Unable to create cluster of Apache Ignite Server Containers running on individual VMs

piali Tue, 29 Nov 2016 20:27:39 -0800

Hi,


I am trying to create a cluster of apache ignite server containers but
unable to bring it up.


*Setup:*

To start, I have created two VMs on two separate host machines and trying
to launch one Apache Ignite server container (Docker) on each VMs .

The VMs are accessible using floating IP (e.g., VM1-172.26.116.67,
VM2-172.26.116.150) and containers are using host networking.

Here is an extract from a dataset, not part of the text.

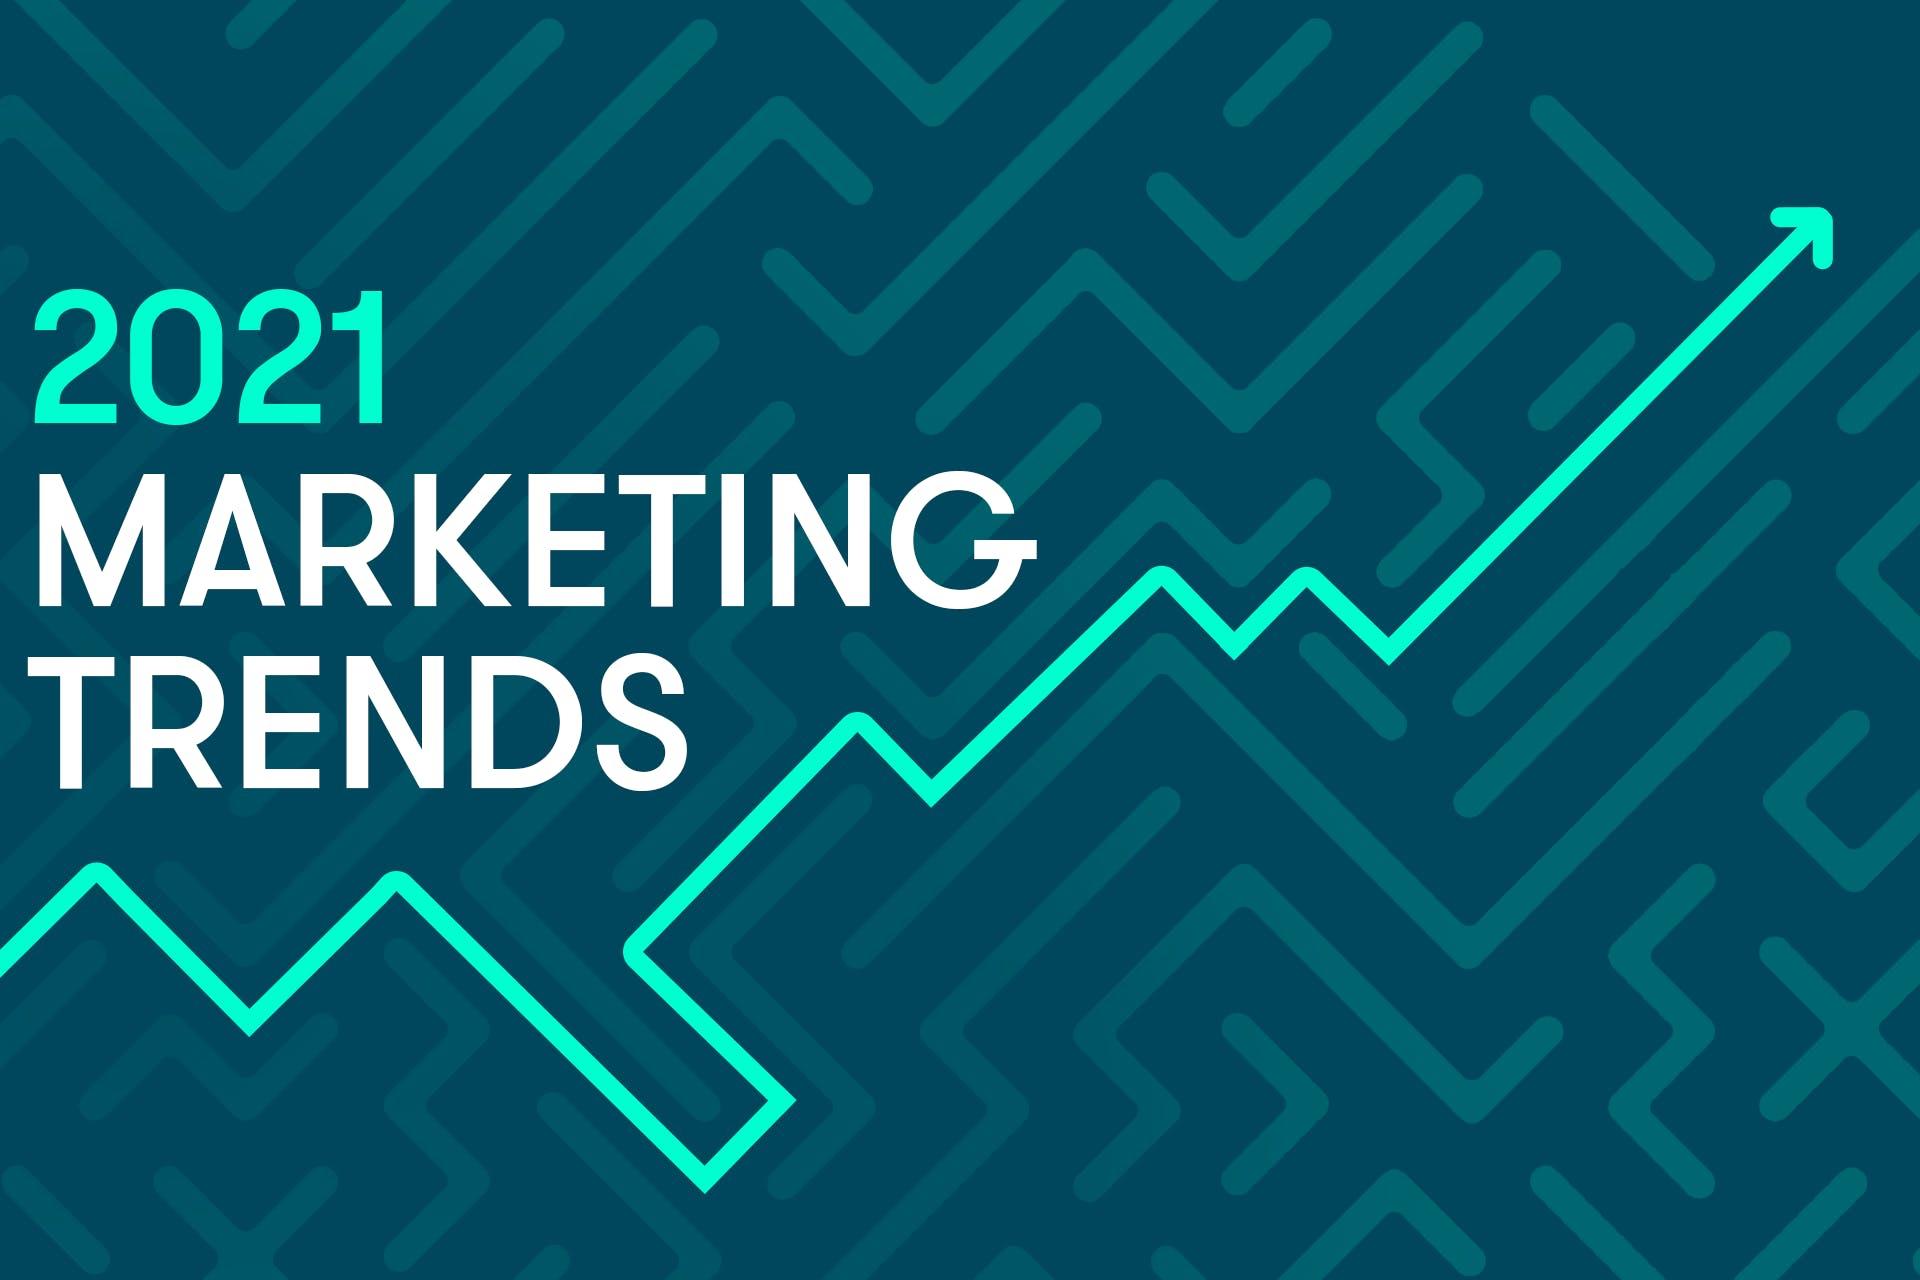 2021 marketing trends

The containers are also pinging each other.


*Testing: *

I am using the $IGNITE_HOME/bin/ignite.sh, but have changed the default
configuration to enable discovery.



    <bean id="grid.cfg"
class="org.apache.ignite.configuration.IgniteConfiguration">

      <property name="cacheConfiguration">

        <bean class="org.apache.ignite.configuration.CacheConfiguration">

          *<property name="offHeapMaxMemory" value="0"/>*

        </bean>

      </property>



      <!-- Explicitly configure TCP discovery SPI to provide list of
initial nodes. -->

        <property name="discoverySpi">

            <bean
class="org.apache.ignite.spi.discovery.tcp.TcpDiscoverySpi">

                <property name="localPort" value="47500"/>

                *<property name="networkTimeout" value="20000" />*

                <property name="ipFinder">

                    <!--bean
class="org.apache.ignite.spi.discovery.tcp.ipfinder.vm.TcpDiscoveryVmIpFinder"
-->

                    <bean
class="org.apache.ignite.spi.discovery.tcp.ipfinder.cloud.TcpDiscoveryCloudIpFinder"/>

                        <property name="addresses">

                            <list>

                                <!-- In distributed environment, replace
with actual host IP address.> -->

                                *<value>127.0.0.1:47100..47509</value>*

*                                <value>172.26.116.67:47100..47509</value>*

                            </list>

                        </property>

                    </bean>

                </property>

                <property name="ackTimeout" value="50"/>

                <property name="socketTimeout" value="200"/>

                <property name="heartbeatFrequency" value="100"/>

            </bean>

        </property>

        <property name="communicationSpi">

          <bean
class="org.apache.ignite.spi.communication.tcp.TcpCommunicationSpi">

             <!-- Override local port. -->

             <property name="localPort" value="47100"/>

             *<property name="sharedMemoryPort" value="-1"/>*

          </bean>

      </property>

    </bean>

*Issue:*


When I start the 1st Apache Ignite server container on VM1, I see warnings
related to remote node GC pauses even though I tuned off heap memory (<property
name="offHeapMaxMemory" value="0"/>), and also, no remote node is running.
(verified through visor)


[22:55:24,132][INFO][main][TcpCommunicationSpi] Successfully bound to TCP
port [port=47100, locHost=0.0.0.0/0.0.0.0]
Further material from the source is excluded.